イ 20日、Factum社がFA党内派閥別支持率に関する世論調査結果を公表し、セレグニ戦線(Asamblea Uruguay、Nuevo Espacio、Alianza Progresista)が10%、Espacio 90(社会党他)が10%、Espacio 609(MPP他)が7%、Vertiente Artiguista・リスト5005が3%、リスト1001(共産党他)が2%、リスト711が1%、その他が2%となり、アストリ副大統領率いるセレグニ戦線とシャビエル総裁率いるEspacio 90が、ムヒカ大統領の出身派閥であり最大会派のMPPを各々上回る結果となった。
(5)軍政期の人権弾圧問題
4日、軍政下のチリにおいて1973年9月及び10月に5名のウルグアイ人が逮捕・行方不明となった事件に関し、同国法廷はマヌエル・コントレーラス元国家情報局(DINA)長官(1995年より収監中)を含む8名に対して6年~10年の拘置を言い渡した。
3 外交
(1)ムヒカ大統領の第3回南米アラブ諸国首脳会議(ASPA)出席
1日及び2日、ムヒカ大統領はペルーのリマにおいて開催された第3回南米アラブ諸国首脳会議(ASPA)に出席した。リマ滞在中、ムヒカ大統領はウマラ・ペルー大統領と会談したほか、ASPA民主主義移管プロセスに関するハイレベル会合においてマルズーキ・チュニジア大統領とともに発表者を務めた。今回の訪問には、アルマグロ外相、センディック燃料アルコールセメント公社(ANCAP)総裁らも同行した。
(2)第10回米州国防大臣会合の開催
8日~10日、プンタ・デル・エステにおいて第10回米州国防大臣会合が開催され、参加閣僚は23の項目により構成される最終宣言文書に署名した。また、ムヒカ大統領は8日にパネッタ米国国防相と会談を行い、両者は1952年に締結した二国間国防協定の改正作業を進めていくことで合意した。会談には、ウイドブロ国防相、アルマグロ外相らも同席した。さらに、ムヒカ大統領はアモリン伯国防相とも会談を行った。
(3)対アルゼンチン関係
ア 2日、ガーナのテマ港に停泊中のアルゼンチン海軍練習帆船リベルタ号が、アルゼンチン国債償還を求める投資ファンドの訴えに基づいたガーナ裁判所の拘留命令により同港に留め置かれる事態が発生した。同船には8名のウルグアイ海軍士官候補生も乗船していたが、これらウルグアイ人を含む281名の一般乗員は22日に解放された。

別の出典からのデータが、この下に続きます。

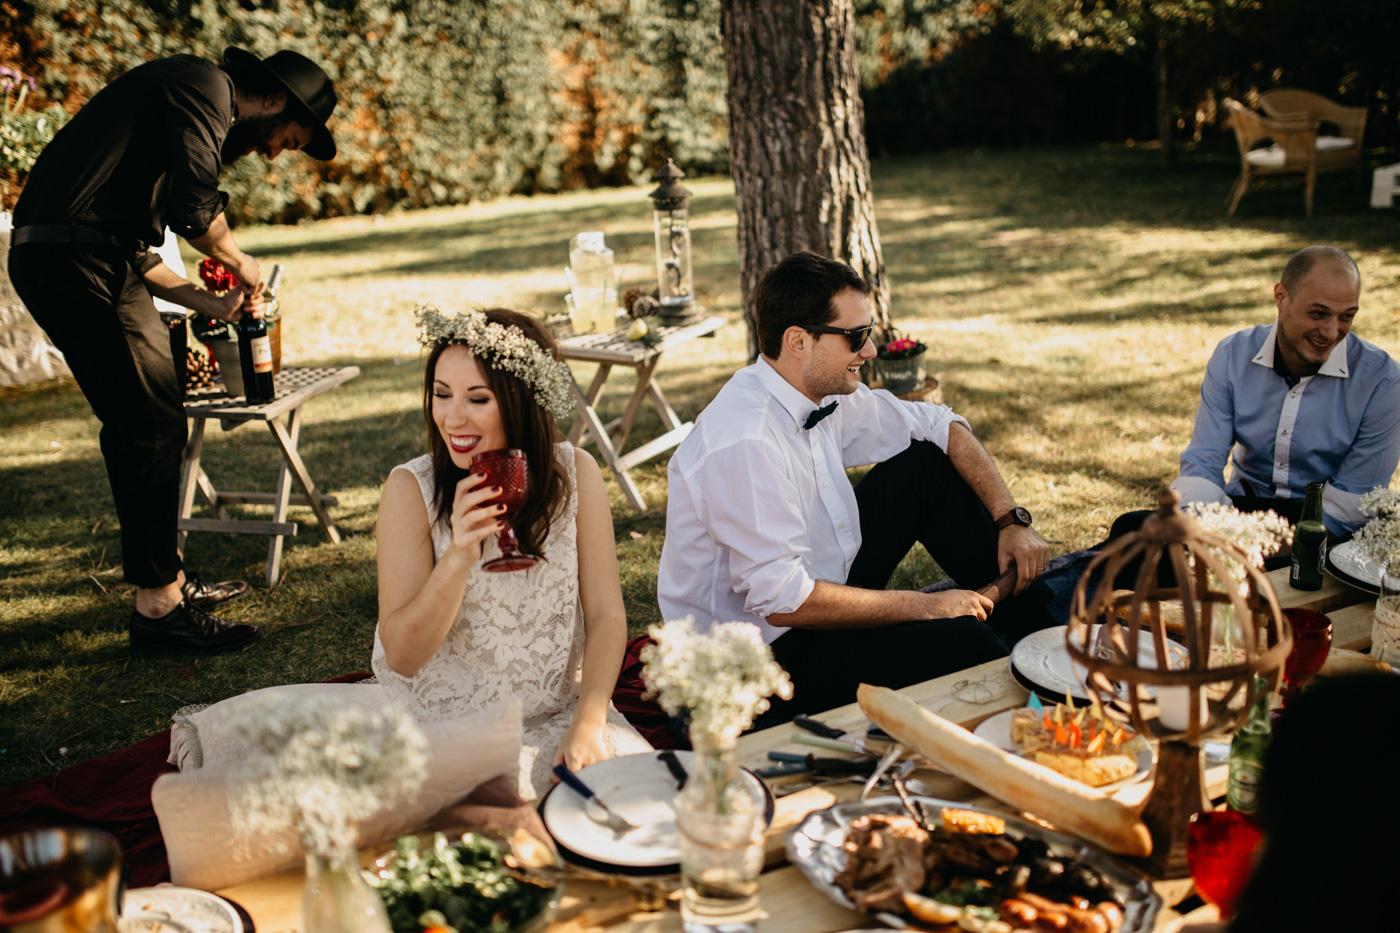 Velvet-Hush-fotografos-boda-al-aire-libre-madrid-065

イ 8日、アルゼンチンはマルドナード県に同国領事館を開設した。同県には、プンタ・デル・エステを中心に約1万~1万5千人のアルゼンチン人が居住しているといわれている。
ウ 18日、ムヒカ大統領はアルゼンチンを訪問し、同国のラ・プラタ国立大学より名誉博士号を授与された。
(4)対ブラジル関係
ア 5日、アルマグロ外相はブラジルを訪問し、パトリオタ伯外相と会談した。両外相は、二国間ハイレベルグループの進捗状況を確認し、特に物品・サービスの自由な移動に関してサブワーキンググループを立ち上げることを決定した。
イ 25日及び26日、モンテビデオにおいてブラジルとの物品・サービスの自由な移動及び生産統合に関するサブワーキンググループ第1回会合が開催された。
(5)対ニカラグア関係
9日、外務省は1993年5月に閉鎖した在ニカラグア大使館を再開すると発表した。
(6)対アフリカ関係
9日、外務省はエジプト、南アフリカに続くアフリカ第三の大使館をアンゴラに開設すると発表した。また、2013年前半にはアルマグロ外相が民間代表団とともに同国を訪問するとも明らかにした。
(7)その他要人往来
ア 5日~7日、ミッシェル・スレイマン・レバノン大統領がウルグアイを訪問し、ムヒカ大統領、アストリ副大統領らと会談した。ウルグアイには約5万人のレバノン系住民が居住しているといわれている。レバノン大統領のウルグアイ訪問は今回が二度目。
イ フランク・ラ・ルー国連表現の自由の権利に関する特別報告者がウルグアイを訪問し、第2回マルドナード国際フォーラムに出席したほか、アルマグロ外相、エルリッチ教育文化相、クレイメルマン経済財務相らと会談した。
ウ 17日及び18日、ポルト経済財務次官は中国の杭州で開催された第6回中国ラテンアメリカ・カリブ経済サミットに出席した。
エ 17日、ジャン=リュック・メランション欧州議員(フランス左翼党共同党首)がウルグアイを訪問し、ムヒカ大統領と会談した。
(8)対国際機関関係
ア 13日及び14日にコンゴ民主共和国のキンシャサにおいて開催された第14回フランコフォニー国際機関首脳会合において、ウルグアイのオブザーバー加盟が承認された。南米諸国の同機関オブザーバー加盟はウルグアイが初。
イ 14日、ウルグアイは外国公文書の認証を不要とする条約(ハーグ条約)に加盟した。
ウ 25日、モンテビデオにおいて、南米諸国連合(UNASUR)食糧安全保障及び飢餓・栄養不良との戦いに関する第2回グループ会合が開催された。
エ 国連ハイチ安定化ミッションに参加中のウルグアイ軍兵士が休暇中にドミニカ共和国において「不適切な振る舞い」を行ったとする訴えがドミニカ共和国から国連に対してなされた。外務省及び国防省は25日にコミュニケを発出し、本件事実関係につき詳細な調査を実施し然るべき対応をとると発表した。
4 社会
(1)治安
ア 8月末現在、1078件の家畜盗難事件が発生しているが、昨年同期の1381件からは減少した。県別では、カネロネス県が256件、リベラ県が119件、パイサンドゥ県が86件の発生となっている。また、牛に比べ羊の被害が多い。
イ 本年は殺人事件が増加傾向にあり、中でも麻薬関連の報復によるものが多い。また、麻薬中毒者が、殺し屋として雇われるという事案もある。ラテンアメリカではコカイン1キロ当たり1800ドル~7500ドルで取引されているのに対し、ヨーロッパでは3万5000ドル~9万ドル、アジア・オセアニアでは9万ドル~20万ドル、米国では20万ドルと高値で取引されており、ウルグアイを経由してヨーロッパに密輸されている事例もある。ウルグアイへは、パラグアイからの密輸が多い。
ウ 16日夜間、在ウルグアイ・レバノン大使館が事務所荒らしの被害を受けた。現金20万ペソ、パスポートなどの入った重さ100キロ以上の金庫を奪われたほか、備え付けの金庫のドアをバーナーで溶かすなどされ、在中品が奪われた。